The 1890s

The 1890s
February 26, 2012

The 1890s are another time that the Keynesian economists like to point to as an example of “gold rising in value.” What they mean by that is, that commodity prices were falling. For several years leading up to the 1896 presidential election, the Democratic party made various threats to effectively devalue the dollar by allowing “free coinage of silver.” This alone caused quite a lot of financial turmoil and distress, as you might expect when a government starts to tell people that they will devalue the currency. However, on top of that, the decline in commodity prices itself was crushing many farmers, who were often in debt.

February 12, 2012: The Warren Pearson Index

Here’s what it looks like:

What do we see here?

There is a big peak in commodities prices in 1864, related of course to the Civil War. The dollar was devalued during this time, which of course had the corresponding effect on commodities prices. On top of that, you have the usual supply/demand characteristics of war, which is increased demand (for war materials), combined with decreased supply, because the farmers are in the battlefield shooting each other instead of growing crops.

The decline in commodity prices from 1864 to 1879 corresponds to the re-valuation of the dollar, the return of its value to the prewar gold parity, which was accomplished in 1879. From there comes a little more of a decline into 1897, and then a modest rebound in prices in the 1900-1913 period.

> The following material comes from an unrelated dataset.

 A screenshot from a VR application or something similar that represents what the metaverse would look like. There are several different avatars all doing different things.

The 1870s and 1880s were the great decades of railway expansion in the United States. This allowed farmers who had really served just their local area — because you can’t really carry a bulk crop like corn for more than about twenty miles in a horse-drawn cart — to grow crops for long-distance trade. People bought land, borrowing money in the process, expecting to be able to put their crops on the train and sell it in New York or Charleston, and thenceforth to Europe or wherever. A flood of agricultural products hit the market, driving down prices, and thus bankrupting the farmers. This bad experience suppressed the expansion of farmland acreage beginning around 1900. A simple supply and demand story.

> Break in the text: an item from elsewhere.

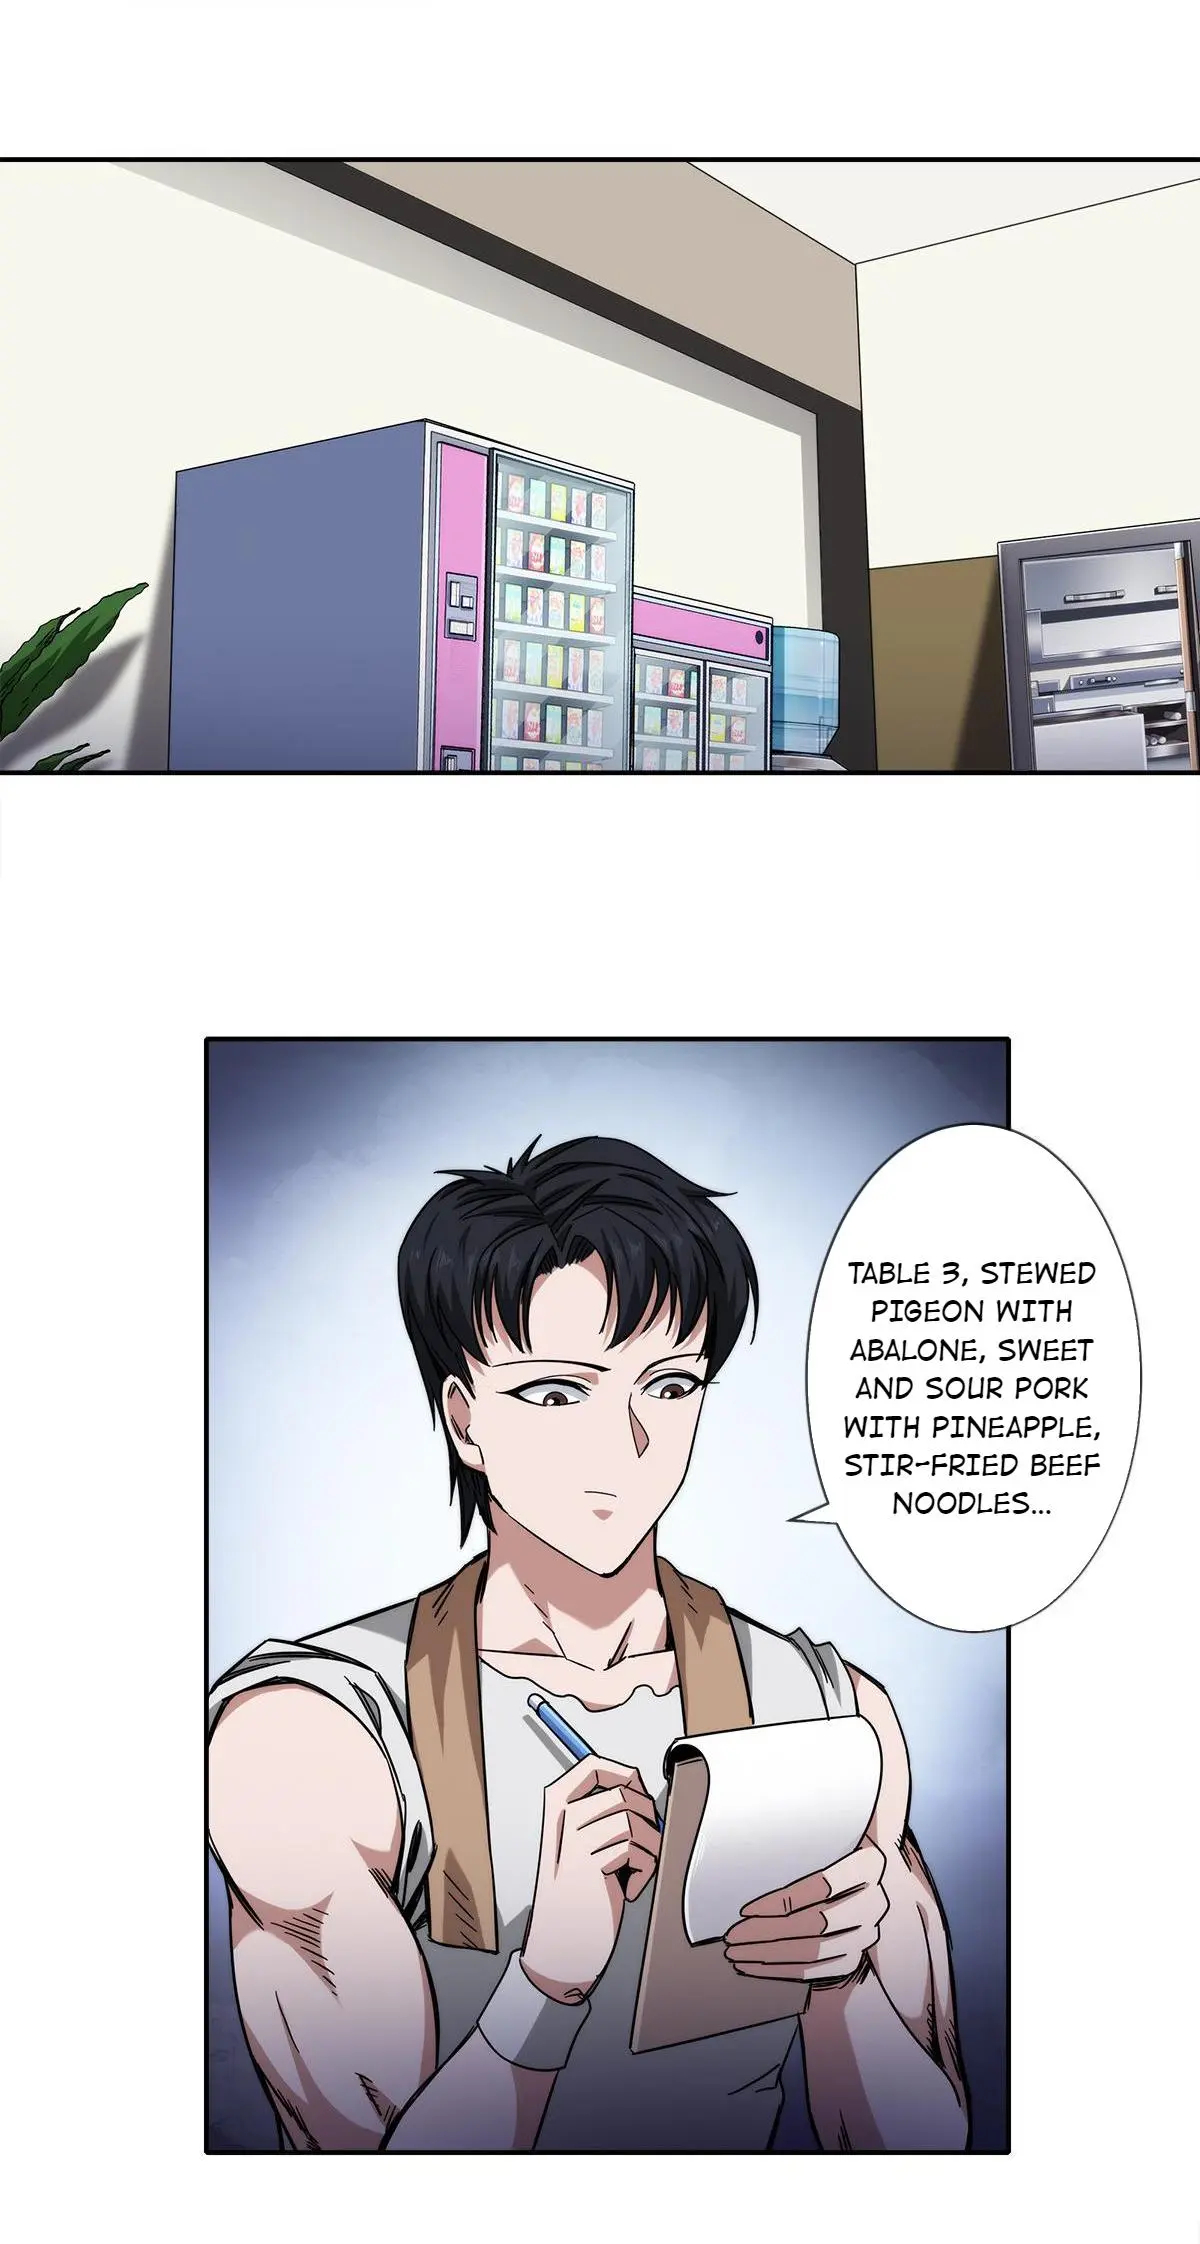 Handyman Saitou In Another World - Page 2

This shows the new miles of railway added each year in those decades. This time series is very spikey. I think it shows completed systems, so that a project that takes five years might be registered when it is ready for commercial use. I added a five-year moving average in red.

This is really incredible. The U.S. was adding 6000-8000 miles a year of railway track. This was all done with hand tools! The population of the U.S. in 1880 was 49 million people.

Imagine! Forty-nine million people, using hand tools, without electricity or petroleum, could lay six to eight thousand miles of rail track a year. China today is aiming for about 7,000 miles of rail track a year for the next ten years. This is with twenty-four times the population, using power tools and heavy equipment.

This shows the acreage under cultivation for the top ten commercial crops. See how it grows from 92.7 to 259.6, a 180% increase, in the 34 years from 1866 to 1900. However, from 1900 to 1940, forty years, it grows from 259.6 to 280.2, an increase of only 7.9%.

Here are YoY % Change figures, and a five-year moving average. We see that the growth rate in the 1870s and 1880s was in the realm of 3%-5% per year. This falls to about 1.5% per year in the 1890s and less than that after 1900.

This index of production for the top 12 crops has a lot of variability due to the weather and so forth. The period 1910-1914=100 on this index. It goes from 25.5 in 1866 to 86.5 in 1900, an increase of 239% in 34 years. Then, from 1900 to 1940, it rises 26% in forty years.

Here I am applying quite a lot of smoothing to the yearly growth rates. This is the compound annual growth rate for a ten year period centering on the indicated year. We can see that the average was around 5% in the 1870s, 3% in the 1880s and 1890s, and then it falls below 2% after 1900. Less supply = better prices.

In the 1890s, and then in the 1930s, people argued that you needed to devalue the currency to maintain “stable prices.” What they really meant was: declining commodity prices were hurting farmers, and causing them to default on their loans. Of course a devaluation would tend to support nominal commodity prices, and allow farmers to pay back their loans in a devalued currency. Note how much commodity prices rose in the 1940s. Did any of these “stable prices” advocates suggest that the dollar be returned to its $20.67/ounce pre-1933 parity? Of course not. Their “stable prices” arguments only go one way.

The market served its function in the 1890s. By removing any incentive to increase acreage under cultivation and farm output, the supply glut was resolved, and prices rebounded in the 1900-1910 decade. In the 1896 presidential election, the voters chose William McKinley, who promised to stay with the gold standard. Despite the difficulties of the 1890s, it worked out fine: the 1900-1914 period was a wonderful time of economic expansion in the U.S. and indeed throughout the world, the last hurrah of 19th Century Capitalism before the turmoil of the two world wars.

The information for these graphs comes from the NBER Macro History Database, a free online resource.